The bridge beam with rigid/frame reinforcement and testing steel truss system general view: a - facade; b - cross section; c - a general view of mechanical watch type micro indicators installation.

Fig. 2.

The main experimental results of reference beam: a - reference graphs of concrete and steel relative deformations; b - reference beam stiffness diagram.

The bridge deck superstructure was tested using a similar method. The experimental data matrix of the relative deformations ε_c, ε_s and vertical displacements w_z in the cross sections of the beams was obtained. Consider as an example the most characteristic section 2–2 in the middle part of the span under loading with a concentration force F = 800 kN. In this section, the following values of relative deformations were obtained: ε_c = 0,0005721, ε_s = 0,001205. Next, according to the deformation diagrams of reference beam (Fig. 2,a) determine the experimental bending moments in the elastic-plastic stage of operation, acting in the first beam from the force F = 800 kN: M_s2-2 = 1175 kNm (for ε_s), M_c2-2 = 1201 kNm (for ε_c,). The average experimental bending moment was M_exp2-2 = 1186 kNm. Similarly it was determined for all sections thought the deck superstructure [1].

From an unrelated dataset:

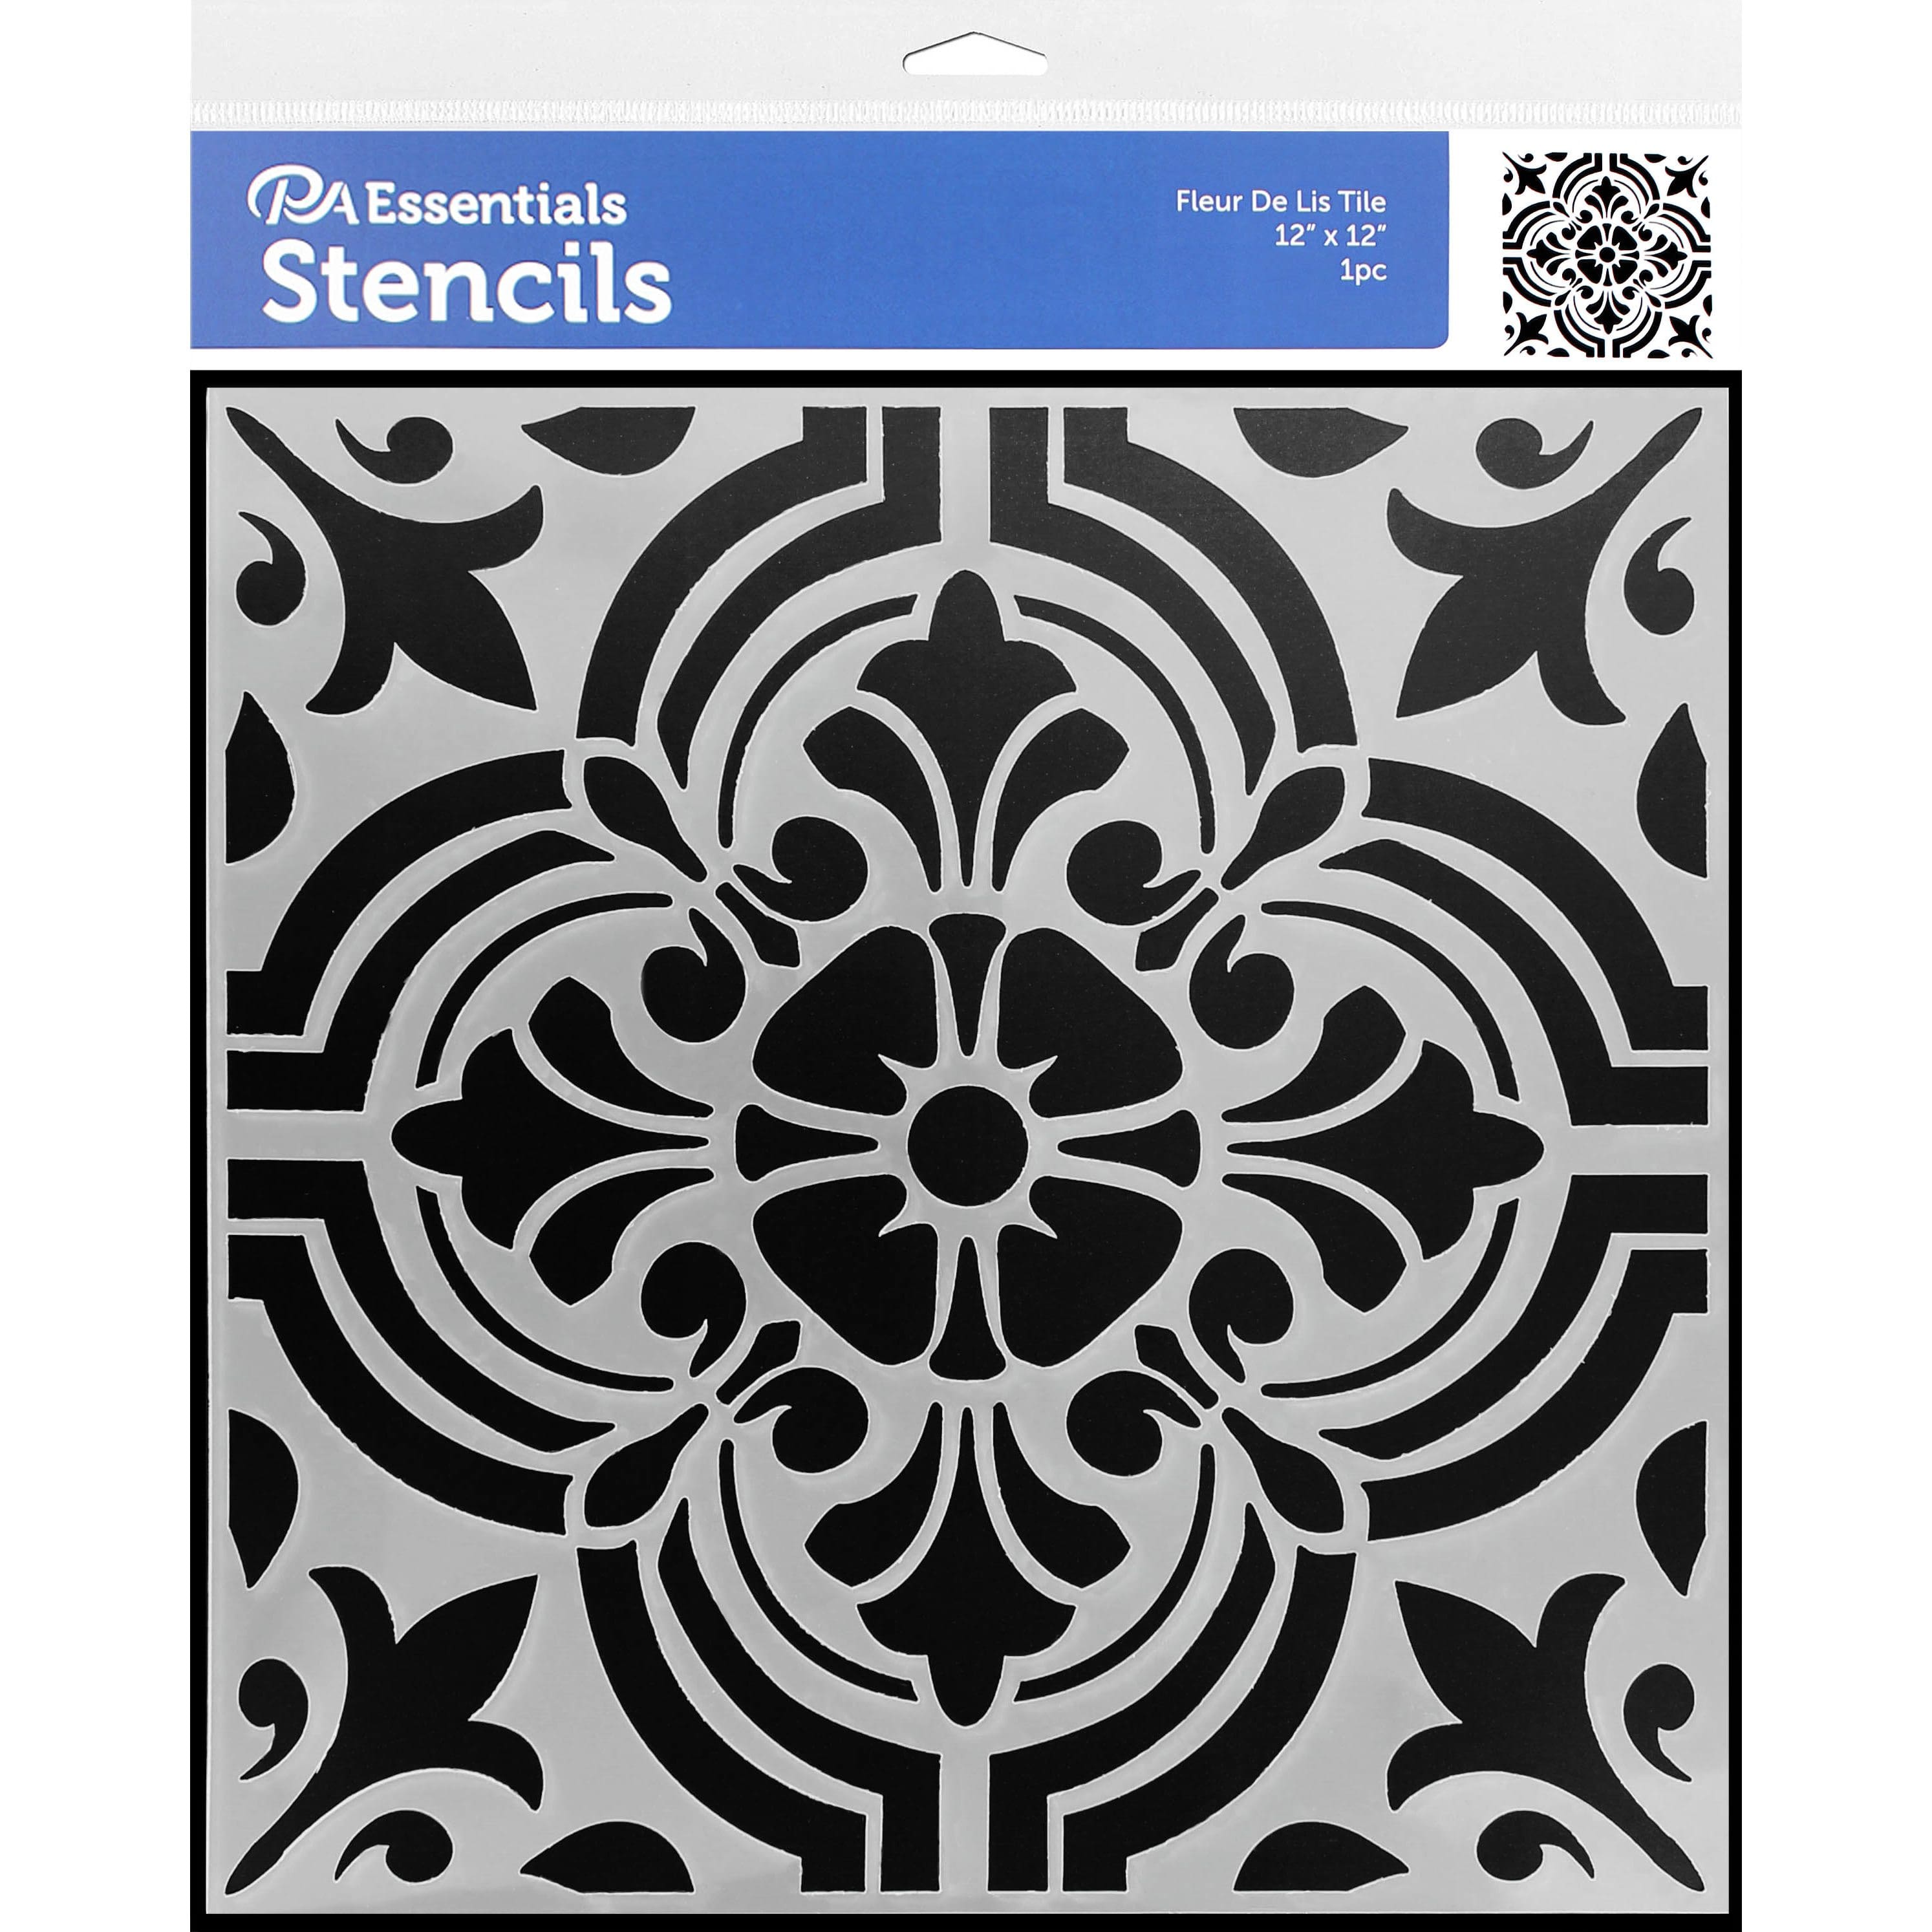 PA Essentials Fleur De Lis Tile Stencil, 12&#x22; x 12&#x22;

Consider the differential Eq. (5) of the beam bended axis:

$$ y^{\prime \prime } = \frac{M}{B}, $$

(5)

where y″ - cross section curvature under bending; B - stiffness of the section in the area with cracks.

The real experimental cross sections curvature can be determined from experimental data of average relative deformations Eq. (6):

$$ y^{\prime \prime } = \frac{1}{r} = \frac{{\varepsilon_{cm} + \varepsilon_{sm} }}{h}, $$

(6)

where ε_cm and ε_sm - experimental values of average relative deformations of concrete and steel; h - the distance from the concrete upper fiber to the center of gravity of the reinforcing welded cage lower rod.

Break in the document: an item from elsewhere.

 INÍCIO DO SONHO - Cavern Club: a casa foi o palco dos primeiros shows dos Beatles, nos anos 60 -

Having found the value of the experimental curvature and the corresponding stiffness of the section in the area with cracks, from Eq. (5) it is easy to determine the value of M_exp in this section.

The experimental curvature can also be determined by the measured vertical displacements by drawing their longitudinal graphs in the beams of the deck girder structure [2]. According to the experimental graph of vertical displacements (Fig. 3,a), it is possible to write the equation of curvature, which is based on regression analysis (Fig. 3,b). For the first beam of the deck girder superstructure when loaded with a force F = 800 kN in section 2–2, the Eq. (7) will have the form:

Fig. 3.

Vertical displacement of first beam of deck superstructure: a – experimental; b – by regression analysis.

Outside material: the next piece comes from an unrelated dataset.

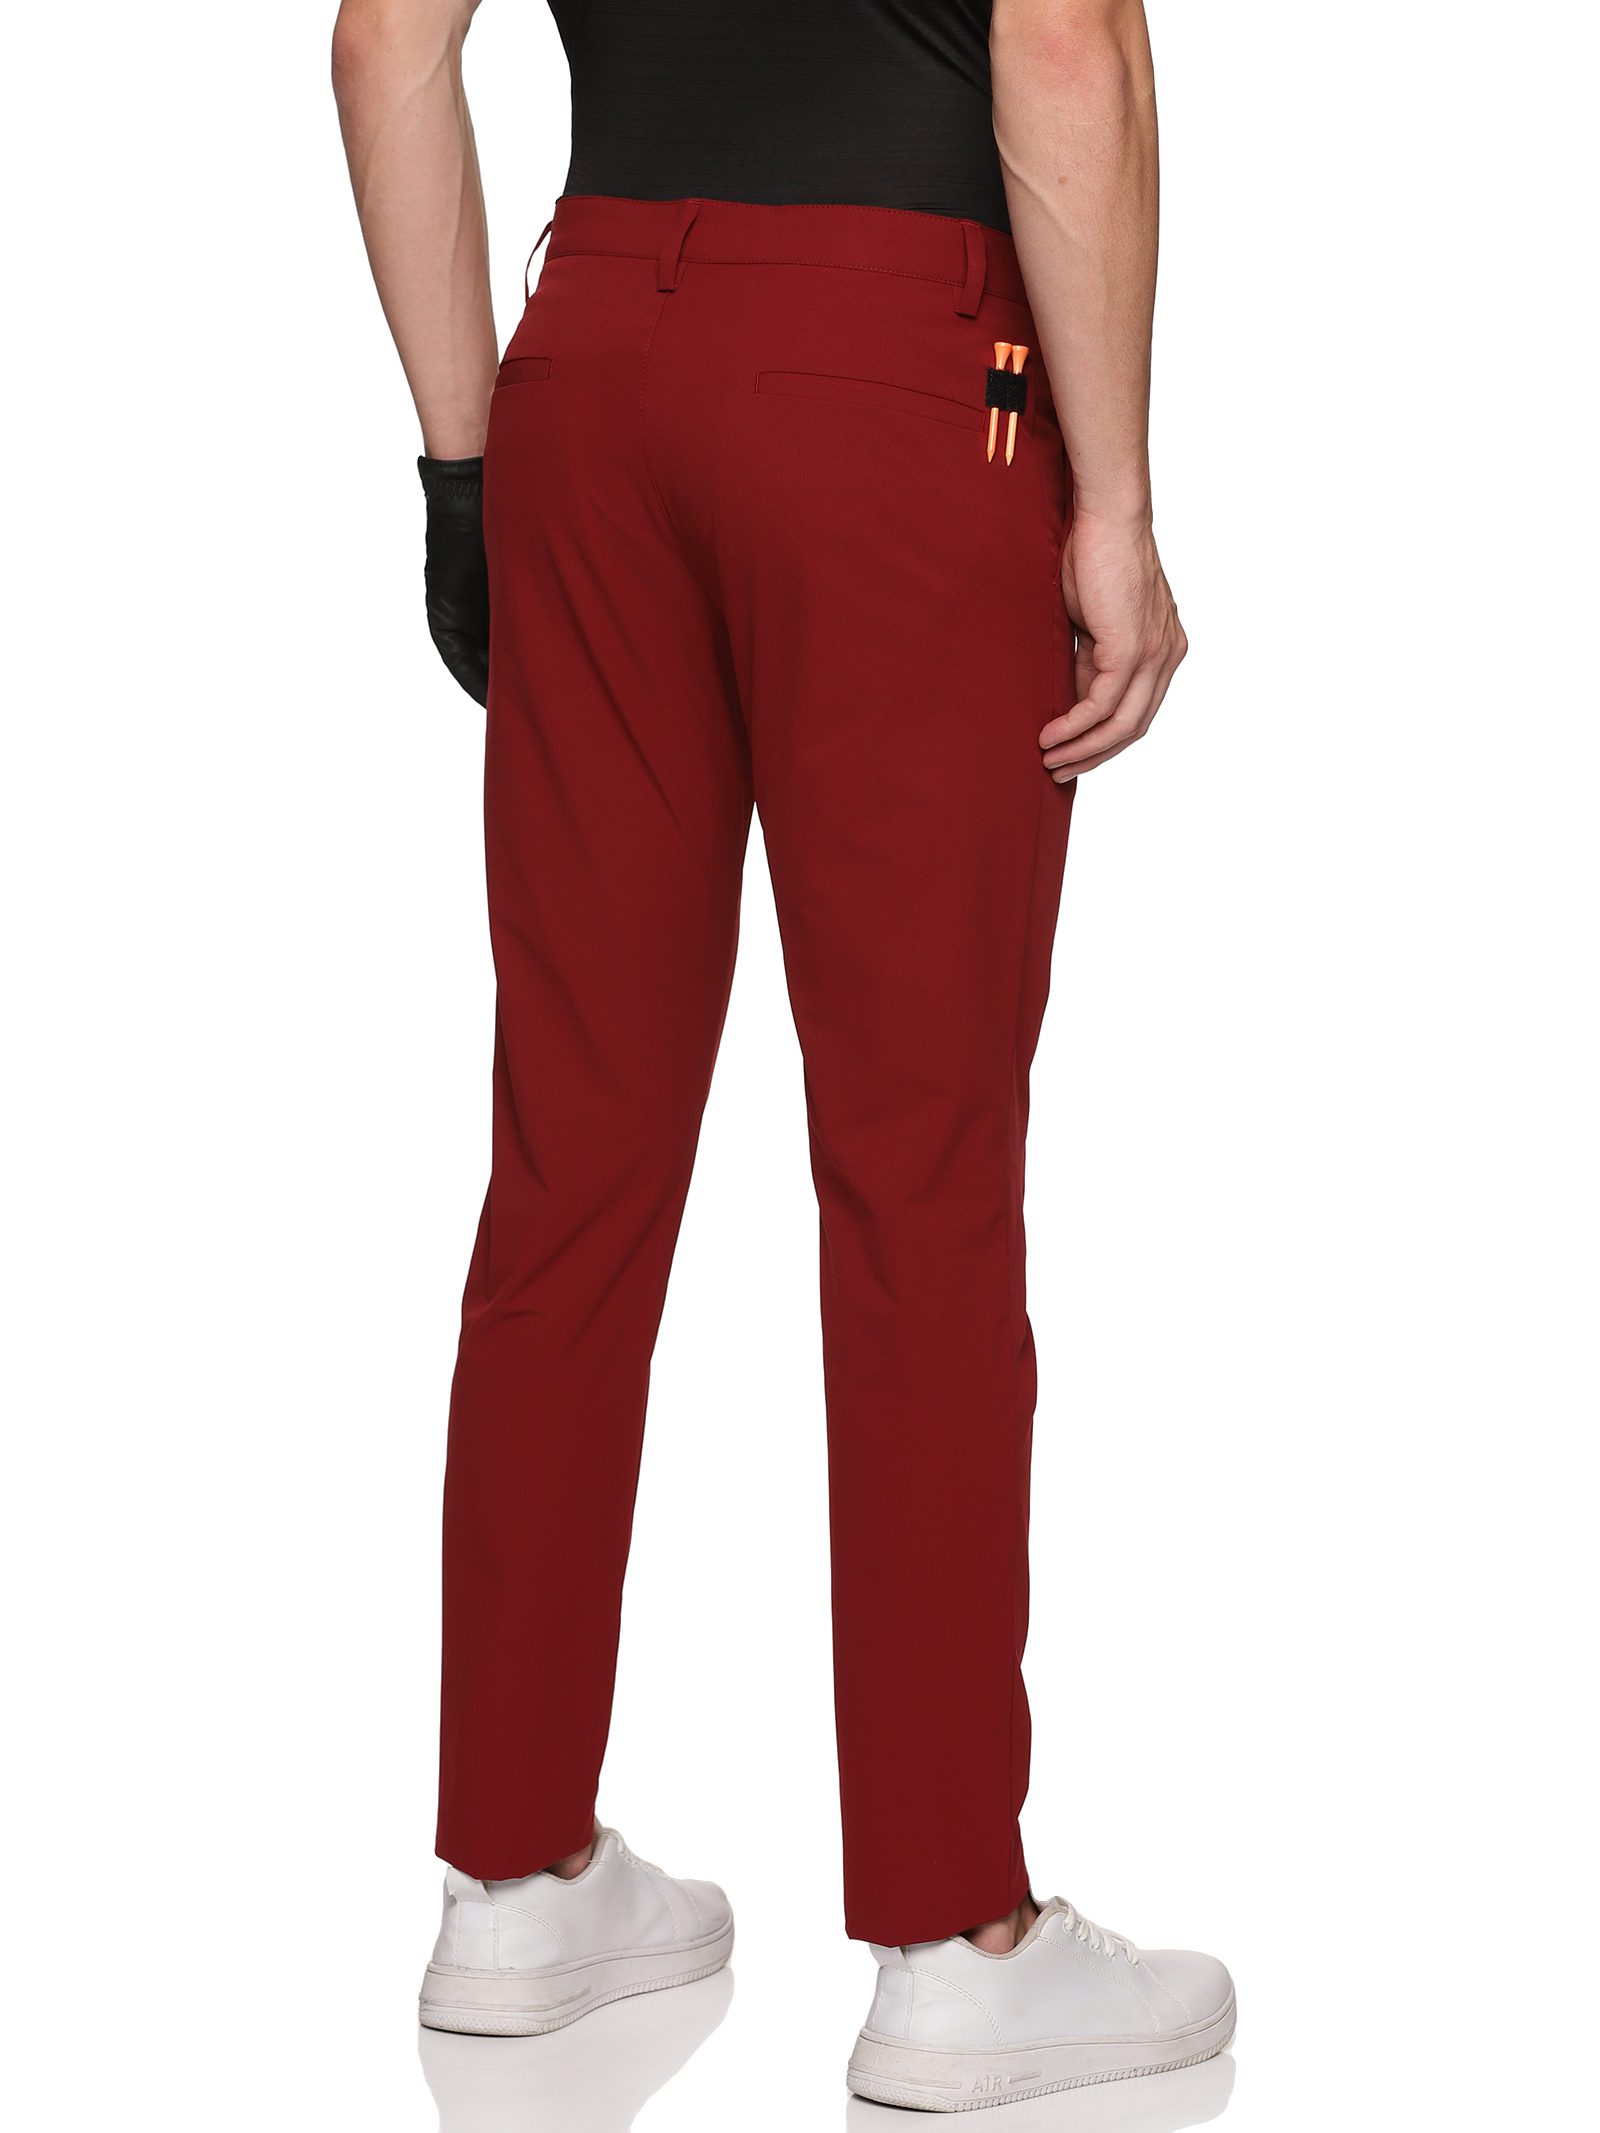 Men's Flexi-Waist Neo Golf Trousers- Happy Red - styzen.in

$$ y = 0.010750 + 0.01568x - 0.00002x^{2} + 5.0973e - 9x^{3} - 1.5934e - 13x^{4} , $$

(7)

where y - vertical displacement, cm; x - cross-sectional distance, cm.

By differentiating the Eq. (7) twice by x, we obtain the following Eq. (8) of curvature:

$$ \frac{{d^{2} y}}{{dx^{2} }} = y^{\prime \prime } = - 0.00004 + 30.582e - 9x - 19.121e - 13x^{2} . $$

(8)

Substituting the section coordinate x = 540 cm, we obtain y″ = 2,355·10⁻⁵ cm⁻¹.

The experimental curvature value Eq. (9) in the same cross section by the Eq. (6):

$$ y^{\prime \prime } = \frac{1}{r} = \frac{{\varepsilon_{cm} + \varepsilon_{sm} }}{h} = 2.235 \cdot 10^{ - 5} {\text{cm}}^{ - 1} . $$

(9)

As could see, these values obtained by two independent methods are almost the same, which indicates the possibility of their use independently of each other.

3 Algorithm of Determining the Experimental Bending Moments by Experimental Curvature

From tests data of a reference bridge beam similar on a design, conditions of supporting and loading to beams of a girder deck superstructure, to draw the diagram (M–B_exp).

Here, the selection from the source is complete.